We depend on BigQuery for our dataware house. All the events from different sources are streamed into BigQuery
We had following requirements:
- Data can be inserted in streaming way.
- We wanted a serverless mechanism.
- We should be able to scale based on number of events
What we tried first
What we started was Google Cloud Dataflow. Though it worked and its pretty simple it didn't fit our bill of running serverless. Cloud Dataflow takes care of the instance but you are still charged for running instance. Another limitation which we ran into is we wanted to have all events process through a single pubsub topic, which means additional custom workflow has to be written.
In our system at the time of writing we had three types of events.
- Database entity creation events.
- Website business logic events.
- Archive messages for objects
Latency Impact/Failure handling
To avoid the application having a latency impact writing to pubsub we write the through a async thread.
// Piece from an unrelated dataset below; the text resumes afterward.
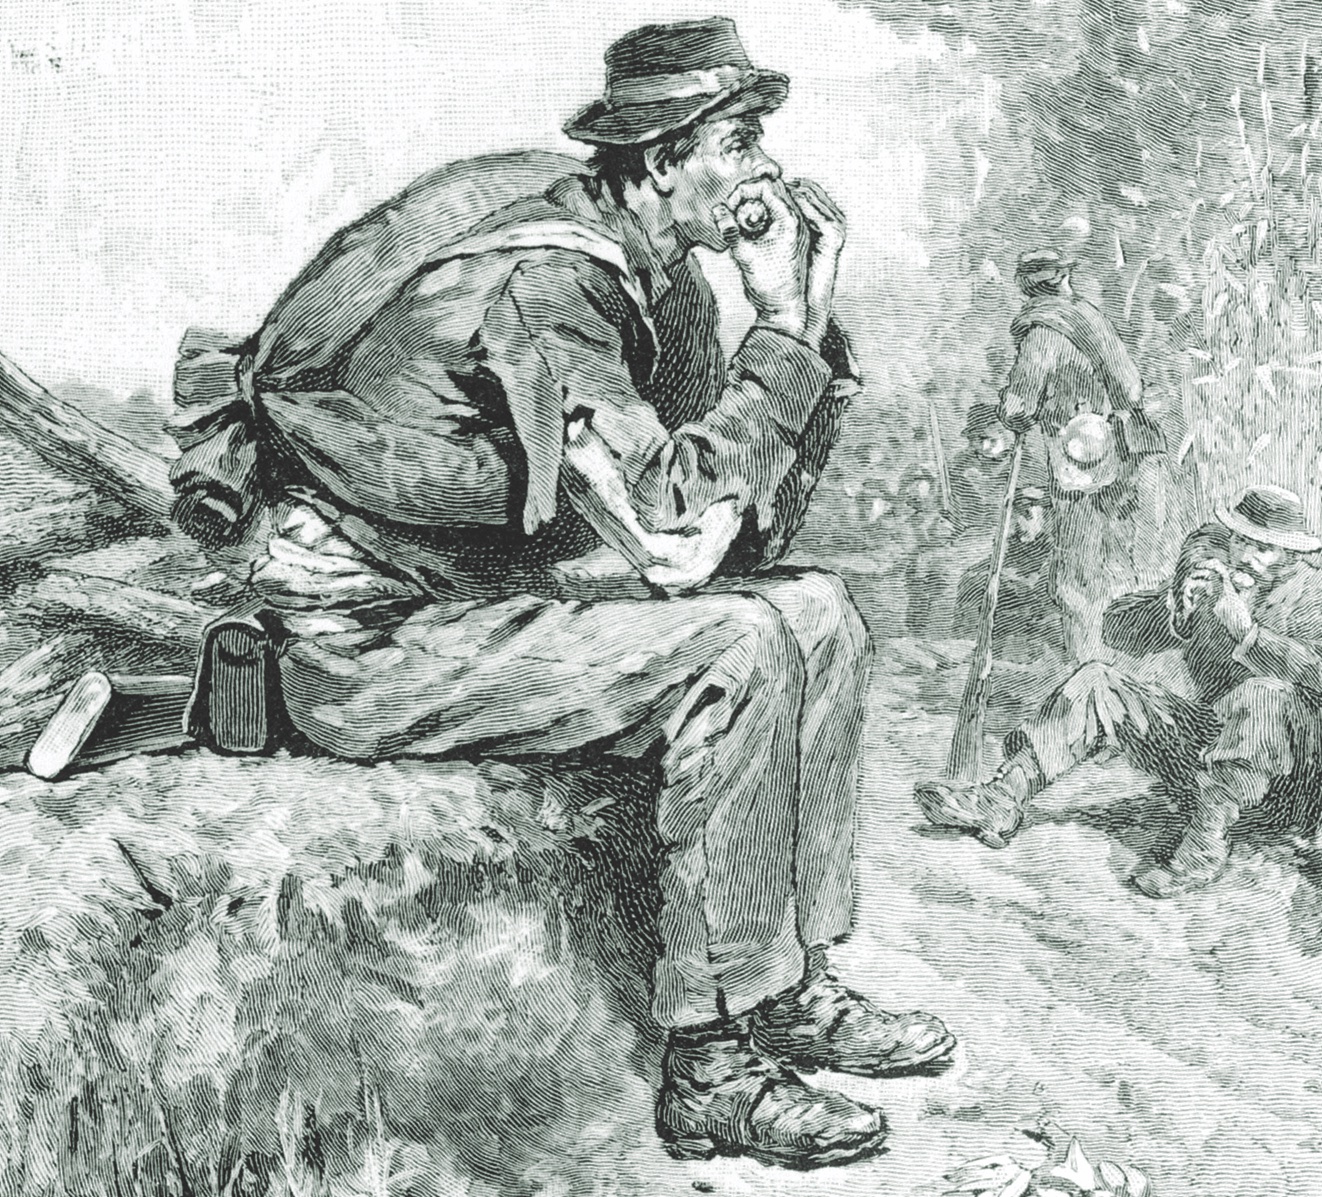 A Rebel soldier gnaws on a corn cob during the 1862 Maryland Campaign. As Hunter would note, limited or nonexistent rations was a dire problem for Lee’s army during its march to Sharpsburg. (Pictorial Press/Alamy Stock Photo)
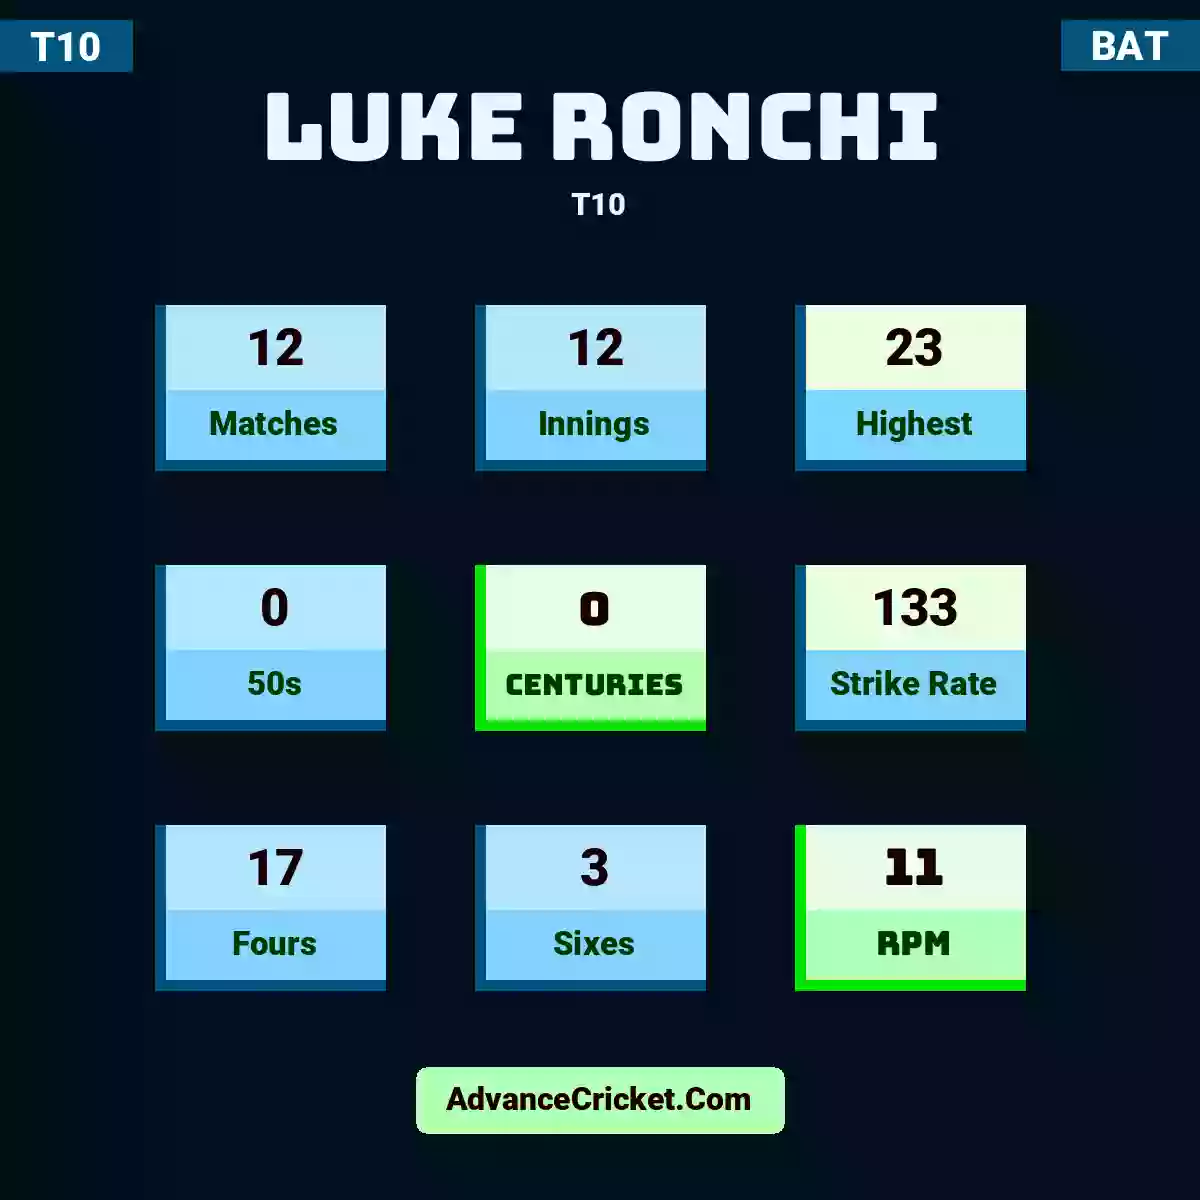 Luke Ronchi T10 , Luke Ronchi played 12 matches, scored 23 runs as highest, 0 half-centuries, and 0 centuries, with a strike rate of 133. L.Ronchi hit 17 fours and 3 sixes, with an RPM of 11.

If we fail to publish to pubsub we use RocksDB as a embedded database and write to it. Messages are later replayed from RocksDB. Essentially think of it as a fast append only buffer for our use-case.
- Assessment lifecycle (Started, Inprogress, Completed)
- Candidate events (Giving assessment for Company XYZ etc)
- Assessment Results
Serverless is very use-ful for low scale and event based systems. When designing such system make sure all part of application can use it without lot of changes.